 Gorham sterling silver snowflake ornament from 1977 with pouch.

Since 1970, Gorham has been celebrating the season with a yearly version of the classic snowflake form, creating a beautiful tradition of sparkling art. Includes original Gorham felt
------------------------------------------------
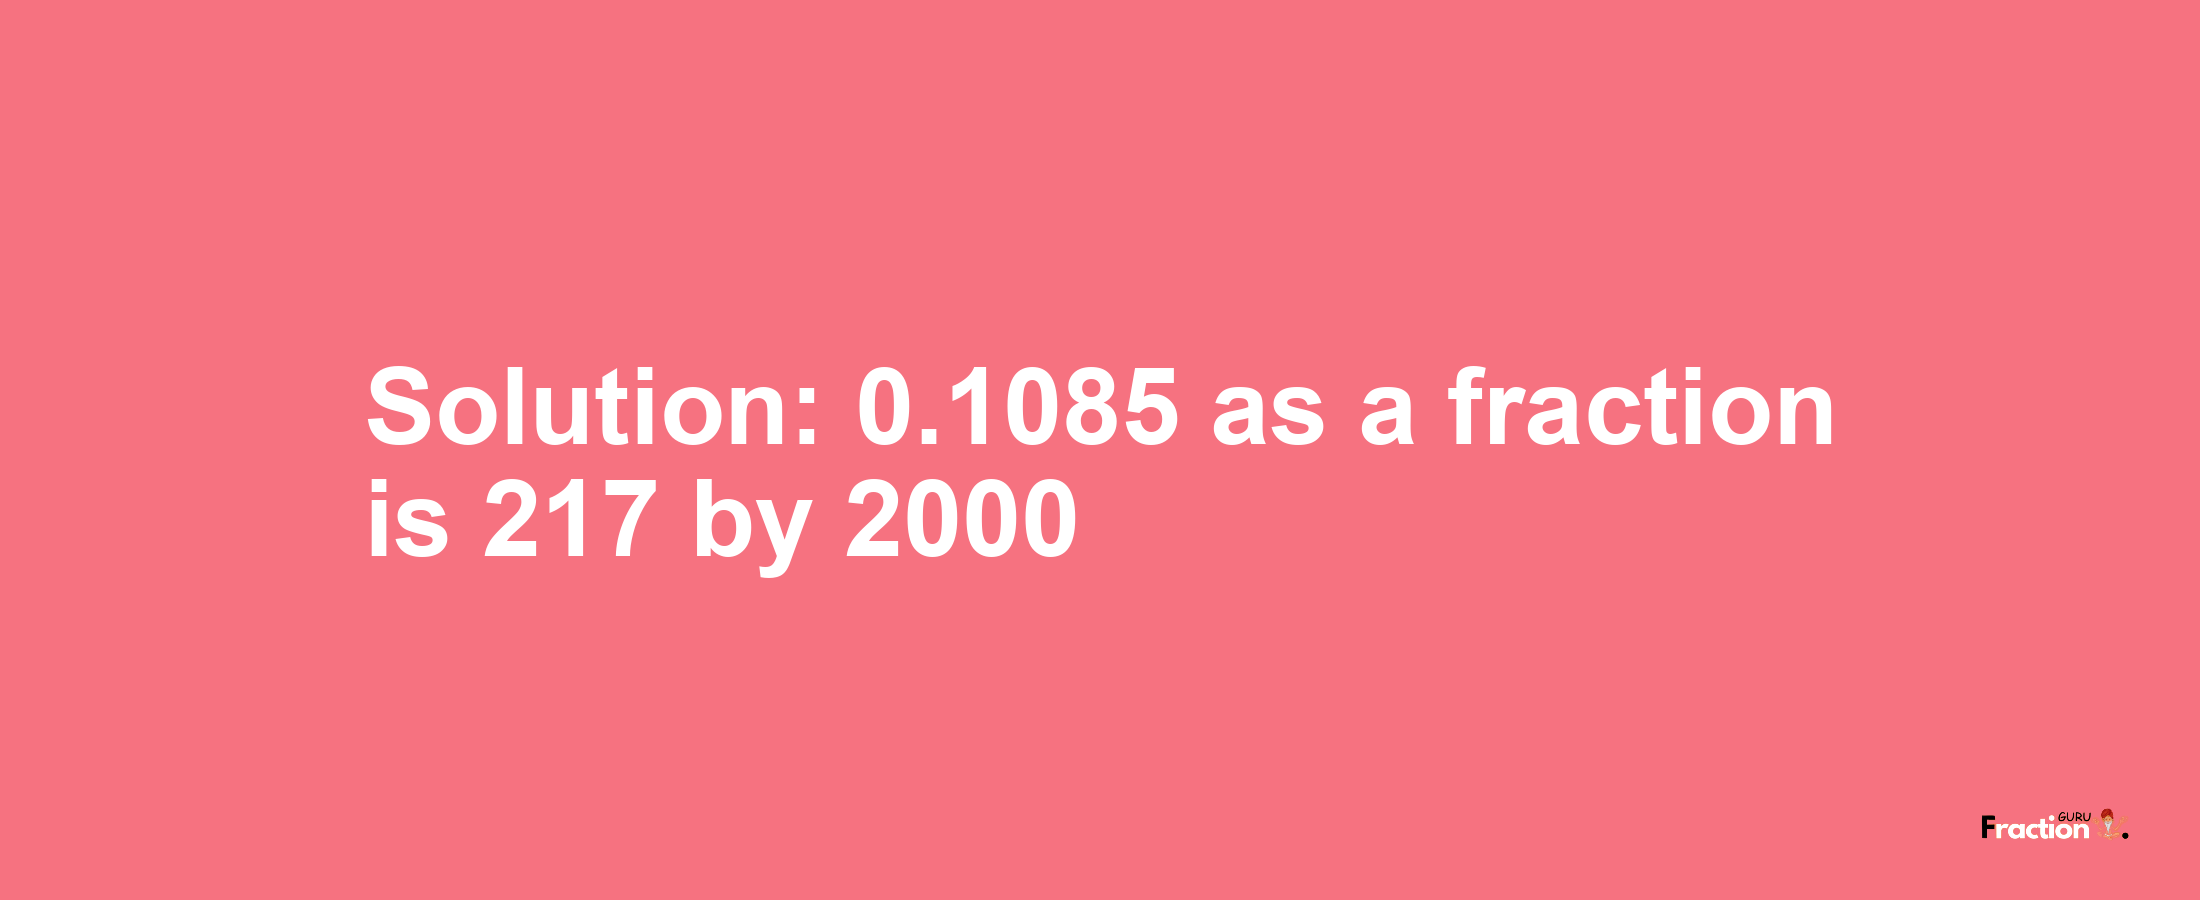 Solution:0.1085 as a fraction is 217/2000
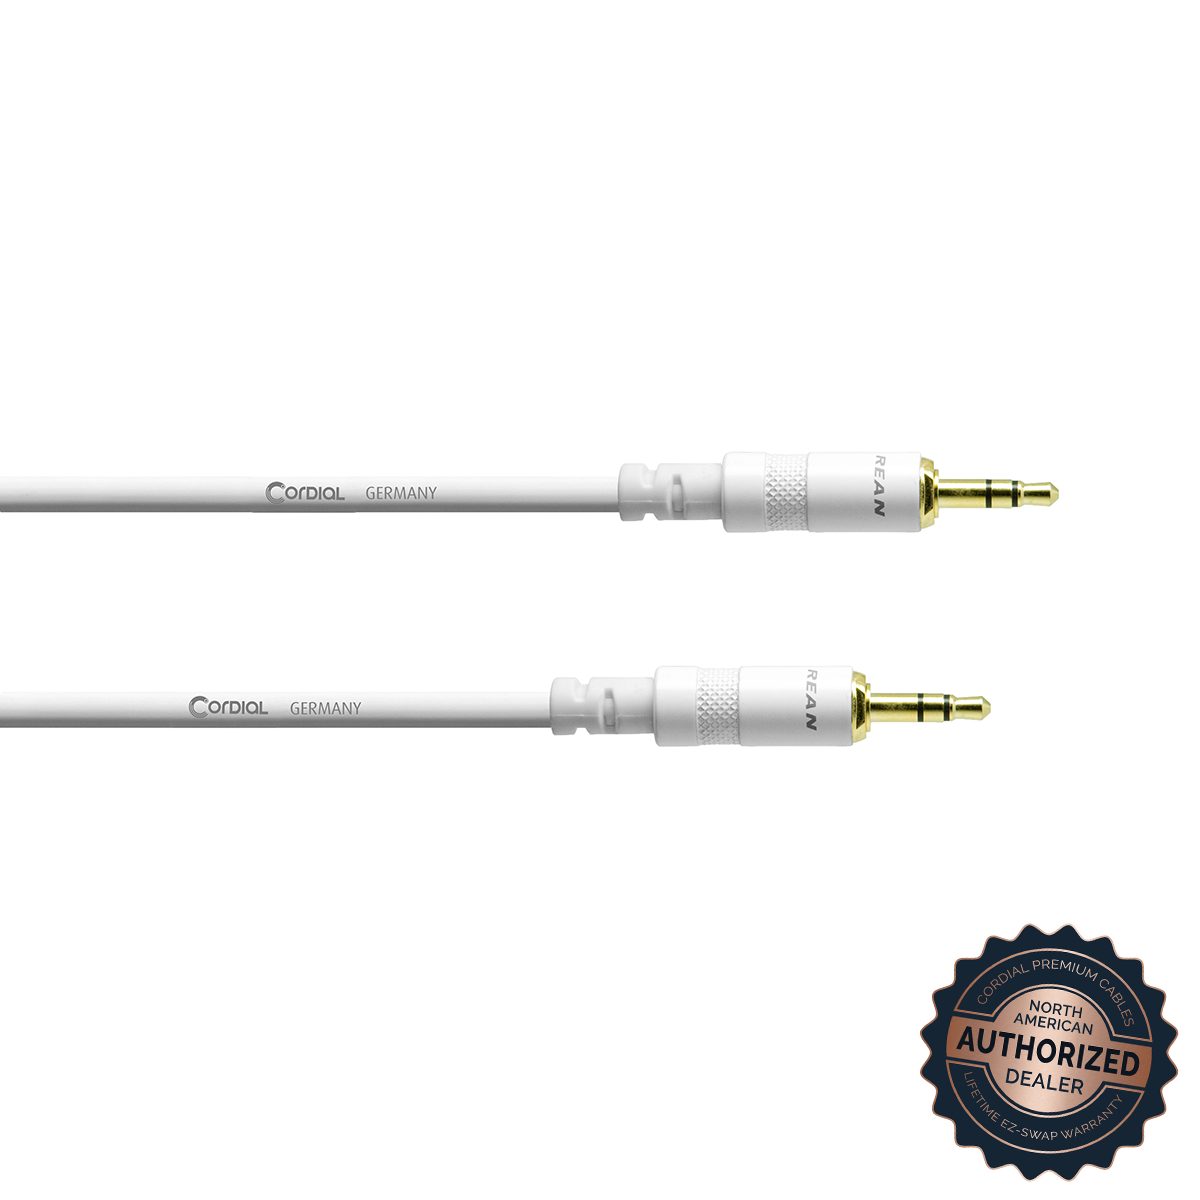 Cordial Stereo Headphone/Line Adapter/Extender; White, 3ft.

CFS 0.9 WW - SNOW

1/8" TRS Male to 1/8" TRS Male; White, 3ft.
------------------------------------------------
**Task directions:** Reproduce exactly the lines of the records above from the one with "Gorham sterling silver" to the one with "Since 1970, Gorham", both included, and leave out everything else.

**Your response:**
 Gorham sterling silver snowflake ornament from 1977 with pouch.

Since 1970, Gorham has been celebrating the season with a yearly version of the classic snowflake form, creating a beautiful tradition of sparkling art. Includes original Gorham felt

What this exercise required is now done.